I have a theory that homophobia basically amounts to fear. Homosexuality is a threat to many societal norms, particularly the ones that keep people who are not straight or white from many positions of power. Being shamed for my "gay voice" is no different than when young women are told their "vocal fry" makes them sound uneducated, or how any African-American slang is considered inherently threatening by certain (read: conservative) cultural commentators. People who tell us we're less than because of the ways we talk are afraid of us, because of what our otherness means — that their way is not the only way. I’m not limited by my gayness, I’m liberated by it.
We can't remove ourselves from the kinds of privilege that we're born with — but we don't have to use it to actively attempt to oppress others, or just sit around feeling guilty about it. I believe that we should use whatever privilege we have to make change. We can use it to help those whose lot in life wasn't as lucky as the one we got.
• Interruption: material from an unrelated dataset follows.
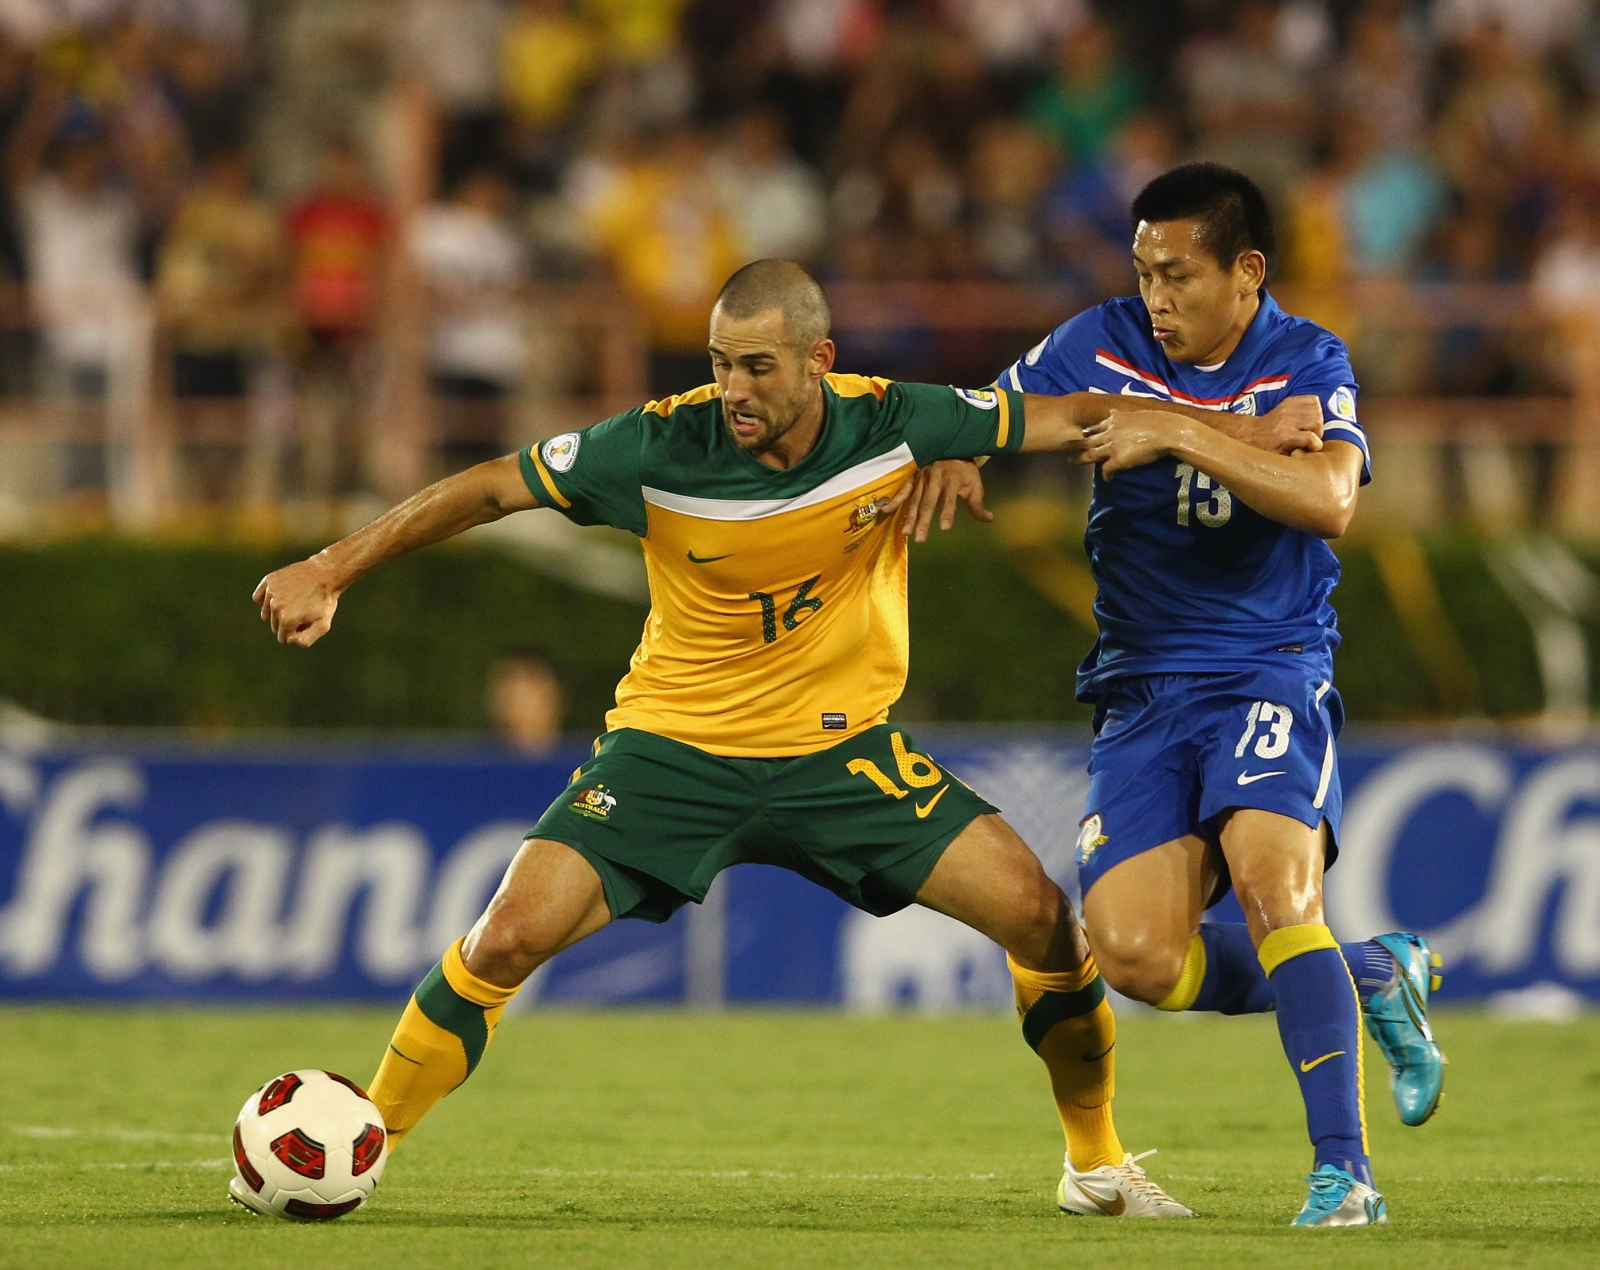 Thailand-Australia football match
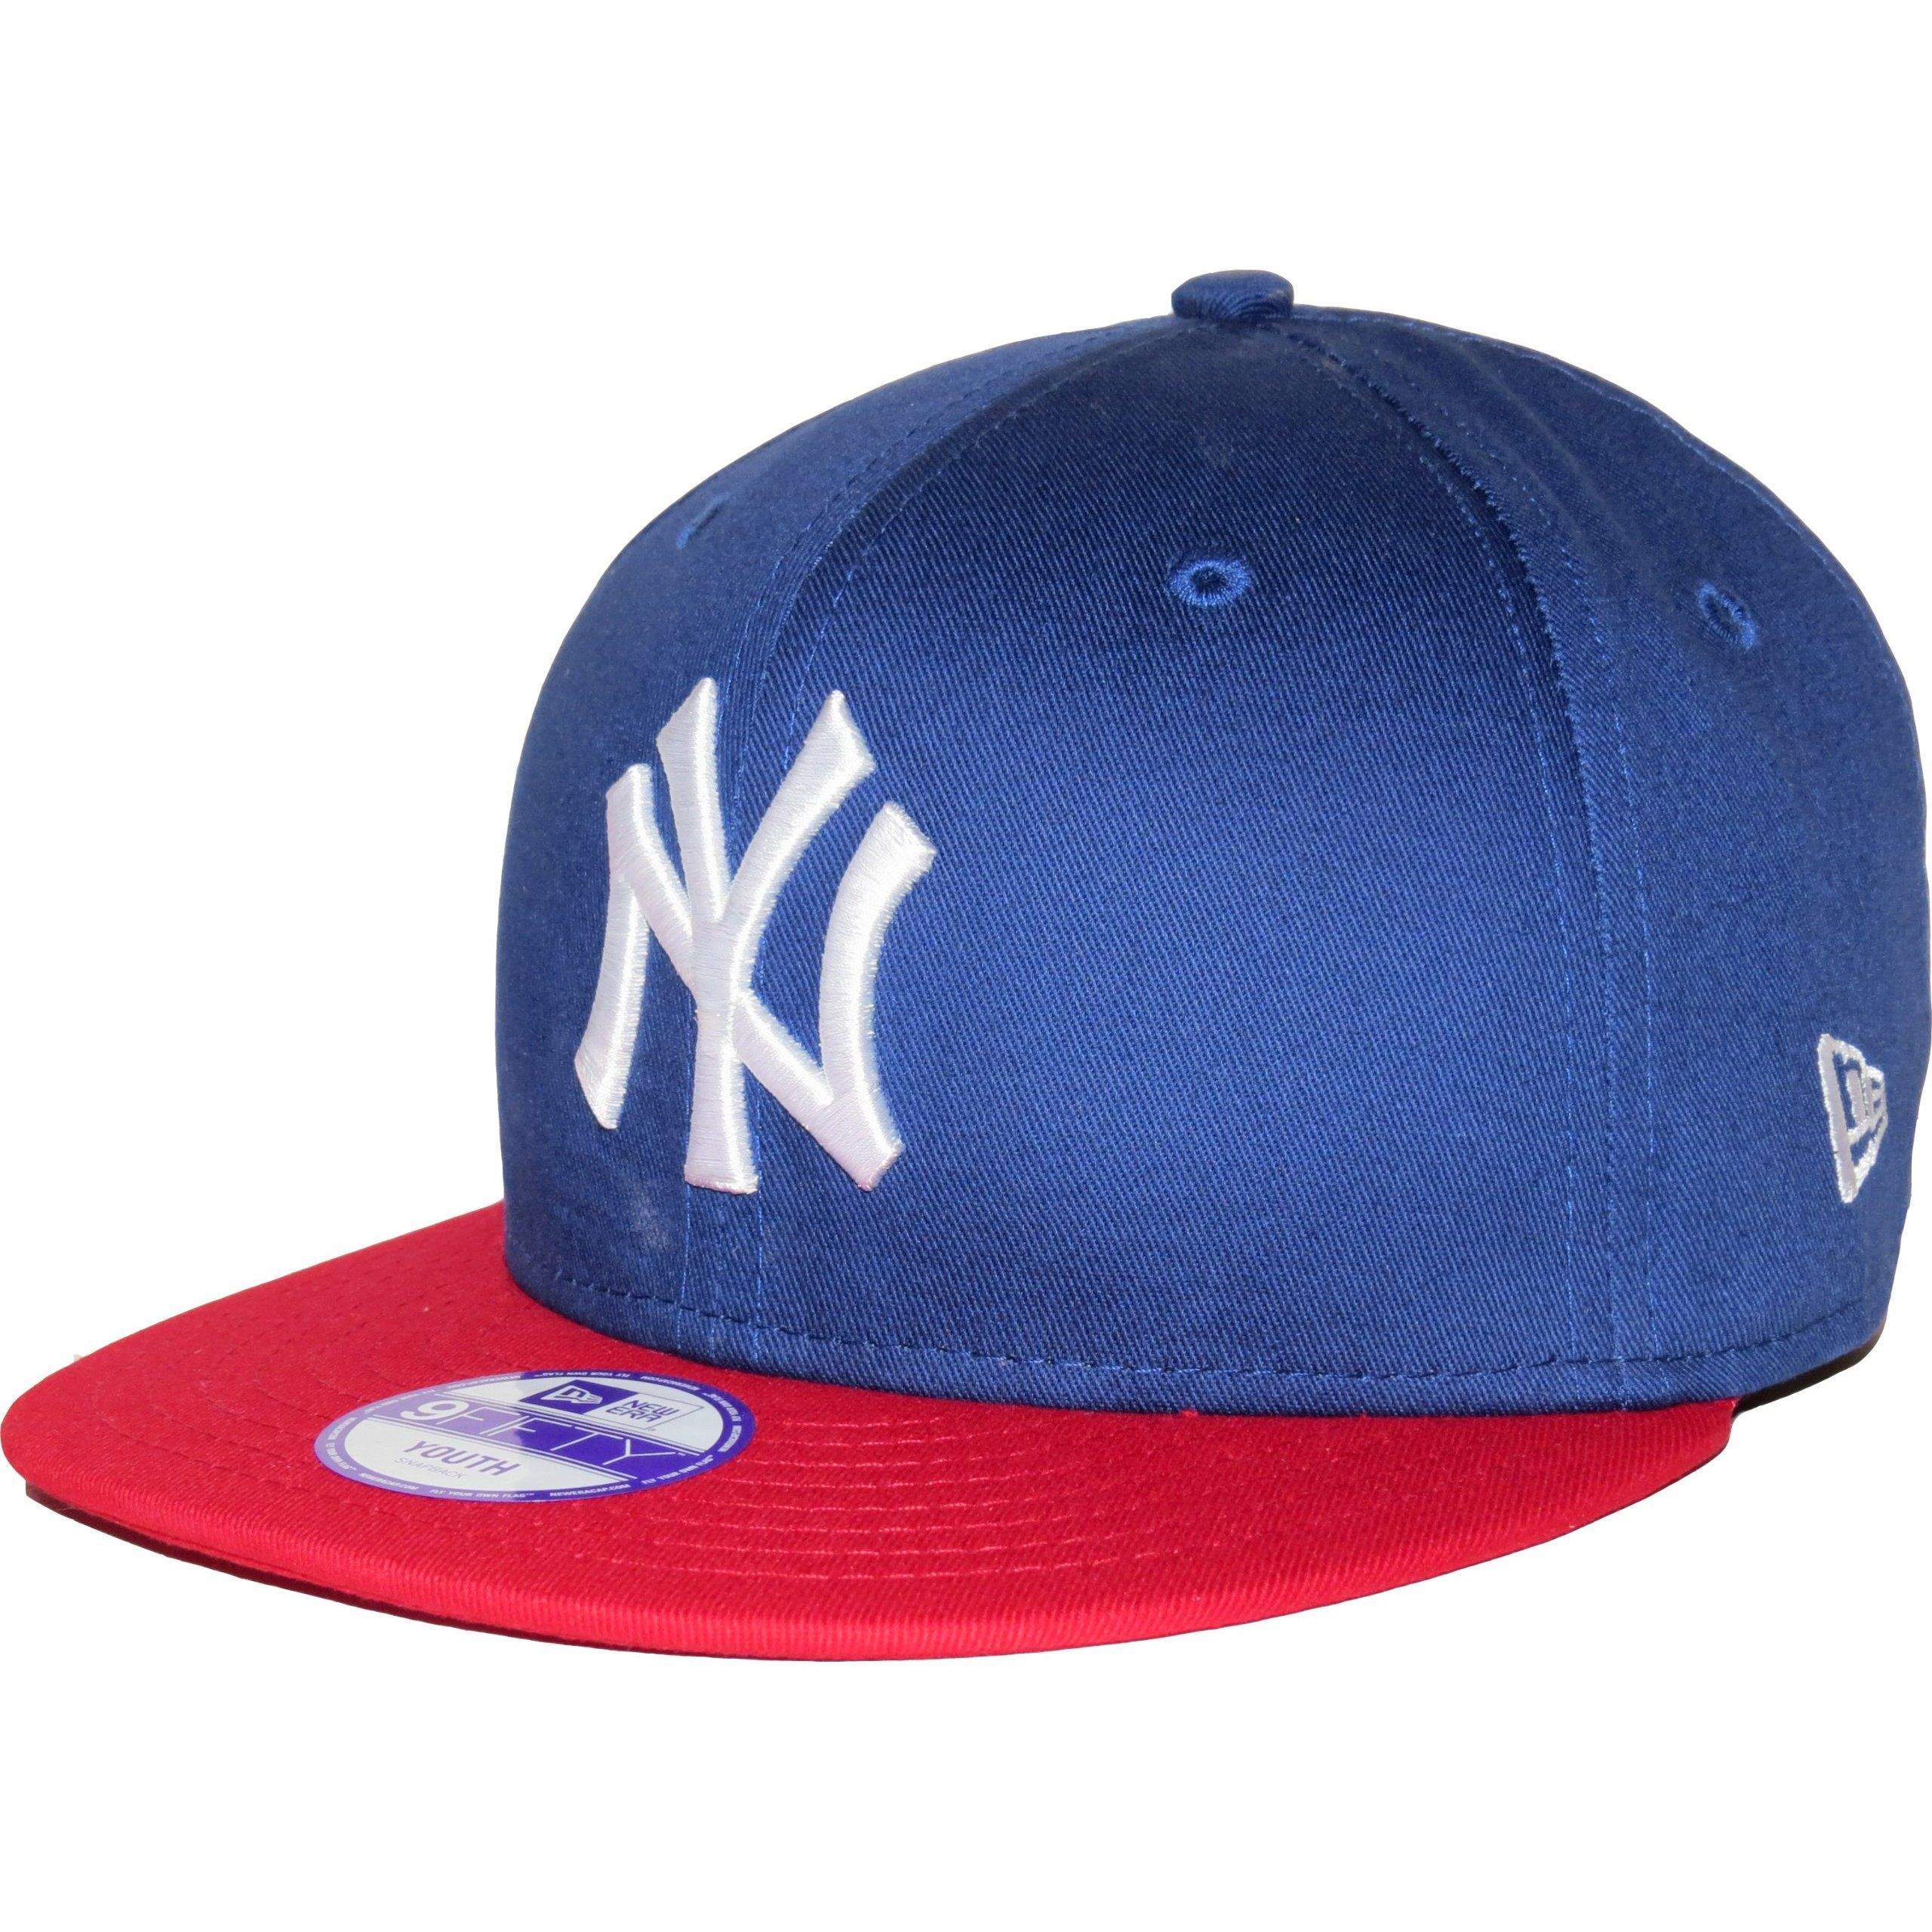 New Era 9fifty Kids Cotton Block Ny Yankees Blue Red Snapback Cap New Era New Era Cap Fitted Baseball Caps New Era

I recently saw an account by author and educator Joy DeGruy on how her sister-in-law used her white privilege to stand up to systemic racial inequity while shopping for groceries. She wasn't holding a press conference, or writing a think-piece for the internet to mull over and discuss. She was simply pointing out injustice at a personal level, and took on the responsibility of calling attention to it, because she knew her words would have a different impact than those of the person who was being discriminated against. She used her privilege in exact opposition to the way that man in the coffee shop used his — and proof that we can use whatever soapbox we're given by our privilege to do good. If enough of us do this, maybe we can get closer to a world where people will feel less threatened by perceived otherness. Where no one else will feel entitled to commit a hate crime while they're waiting for their latte. And where the idea of Donald Trump as president is a punchline to a joke and not an impending possibility.